Furthermore, many companies formerly produced a fairly narrow product line. The companies produced standard products in high volumes so that product distortions did not arise from variation in batch sizes, customization, and special features. Today, most companies produce a much greater variety of products and services, and sell and distribute these to more customers and markets. As a result, they need better cost systems to accurately assign indirect and support costs required to design and produce a product, deliver a service, and meet individual customers’ demands.

• Though not covered in the chapter, commentary on service organizations is provided here: For many service organizations, the regulated environment did not require accurate knowledge of the cost of individual services or customer segments. Therefore these companies’ cost systems focused on cost control and responsibility accounting, and had only very crude estimates of cost and profitability by service, line of business, or market segment. In a much more competitive, deregulated environment, service companies now have to know the cost of their outputs and customers, and to understand the underlying cost drivers of their business.

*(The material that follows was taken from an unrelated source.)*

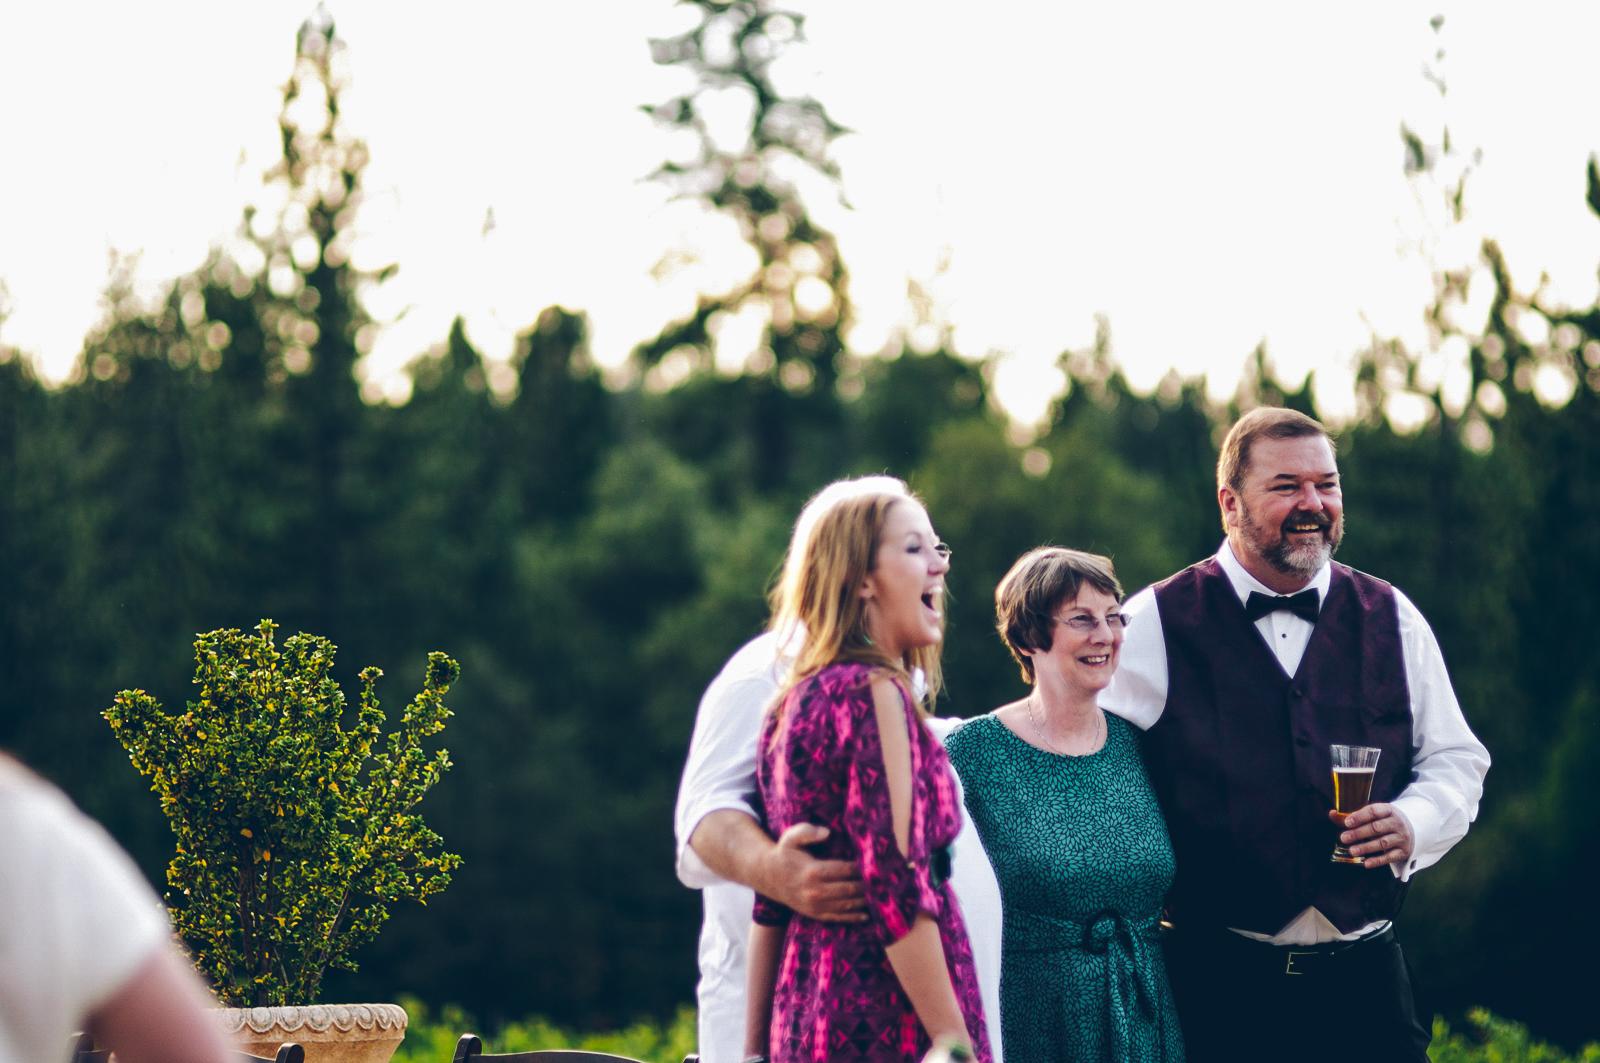 miraflores_winery_wedding_photography_ian_melissa_ebony_siovhan_bokeh_photography_68.jpg

In addition to better cost and profit information, service companies have to concentrate on customer service and satisfaction, so they now need information on the quality and timeliness of their services to customers. Measures such as customer loyalty and repeat purchase frequency become critical.

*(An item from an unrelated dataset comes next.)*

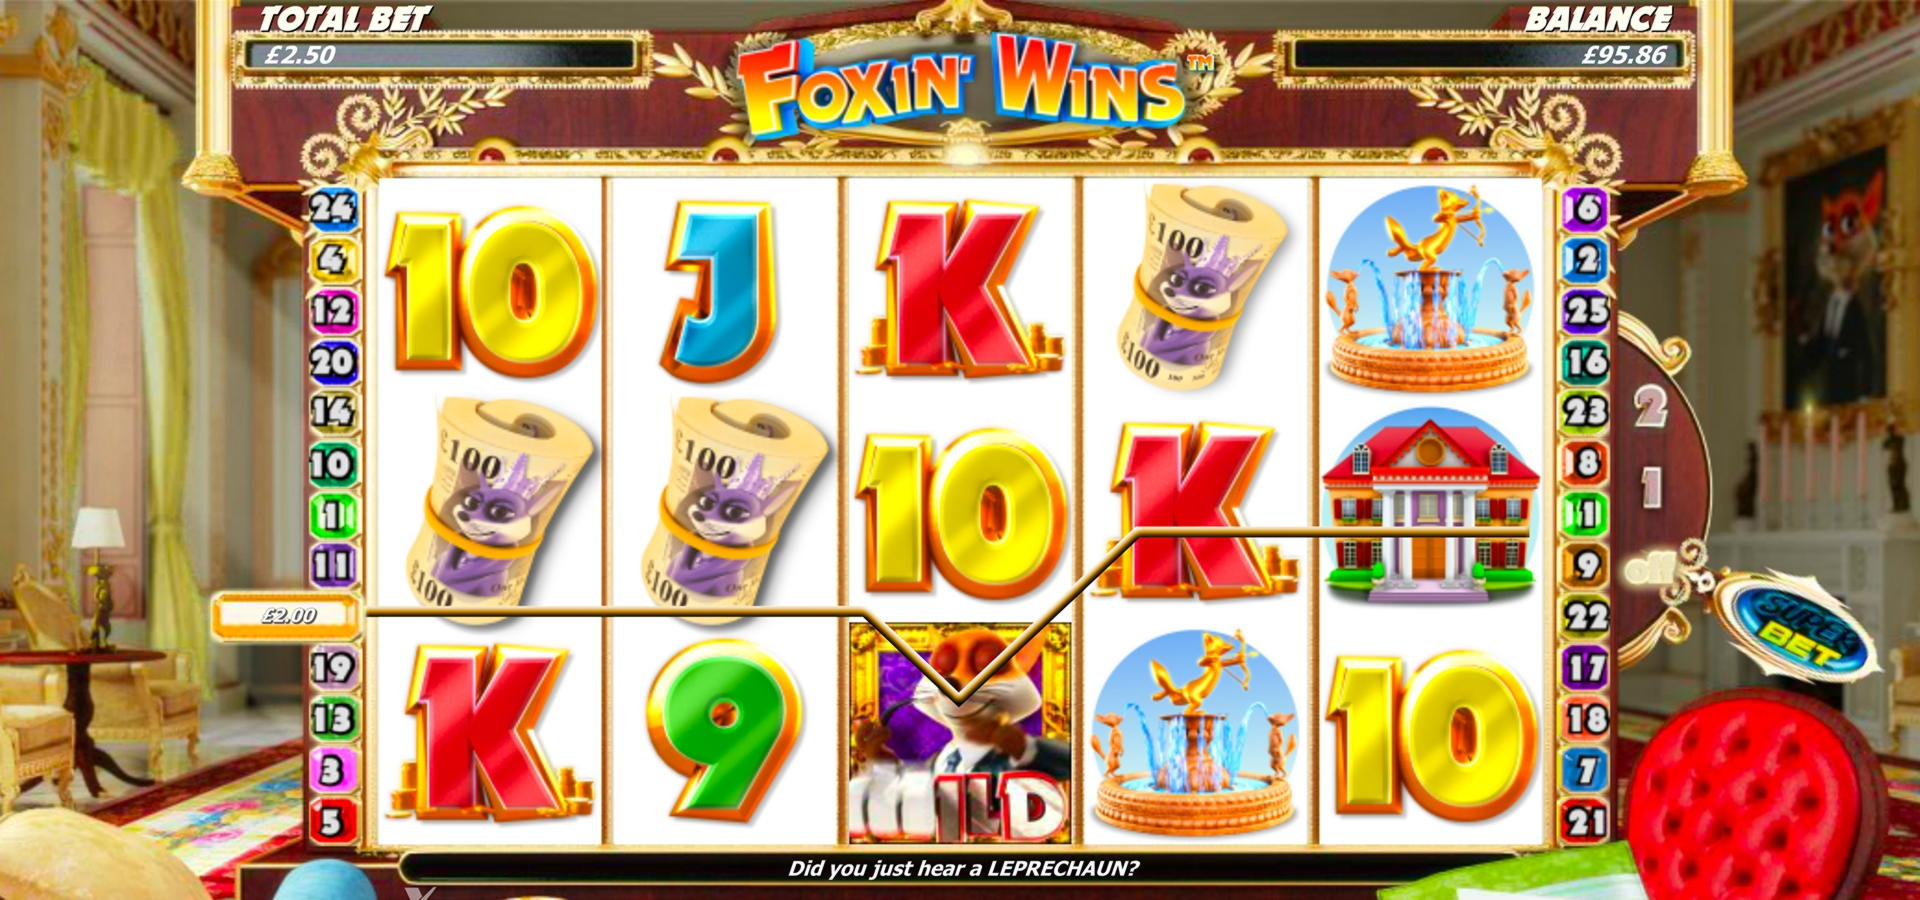 € JN Casino-da 1240 No Depozit Bonus Kodu

• Finally, organizations today derive competitive advantage from their intangible assets: innovative products and services, high quality and responsive processes, skilled and motivated employees, excellent technology and information systems, and reputation and image among targeted customer groups. None of these “assets” is well measured by traditional accounting systems. Consequently, management accounting systems in such organizations have advanced to include measures to help coordinate value creation from the organization’s intangible assets.

1-6 Given a selected strategy, the organization needs management accounting information to help implement the strategy, allocate resources for the strategy, communicate the strategy, and link employees and operational processes to achieve the strategy. As the strategy gets executed, management accounting information provides feedback about where it is working and where it is not, and guides actions to improve the performance from the strategy.

1-7 The plan step of the PDCA cycle defines the organization’s purpose, selects the focus and scope of its strategy, and determines actions to achieve the organization’s objectives.

The do step involves implementing a chosen course of action.

The check step includes two components: measuring and monitoring ongoing performance and taking short-term actions based on the measured performance.

In the act step, managers take actions to lower costs, change resource allocations, improve the quality, cycle time, and flexibility of processes, modify the product mix, change customer relationships, and redesign and introduce new products. They reward (and occasionally punish) employees based on performance. As these new actions get implemented, the management team will eventually return to the planning step to assess whether its previous plan is still valid and worth continuing, or whether it has become time to adapt the plan or perhaps introduce a new strategic plan. This launches the enterprise on another trip around its PDCA cycle.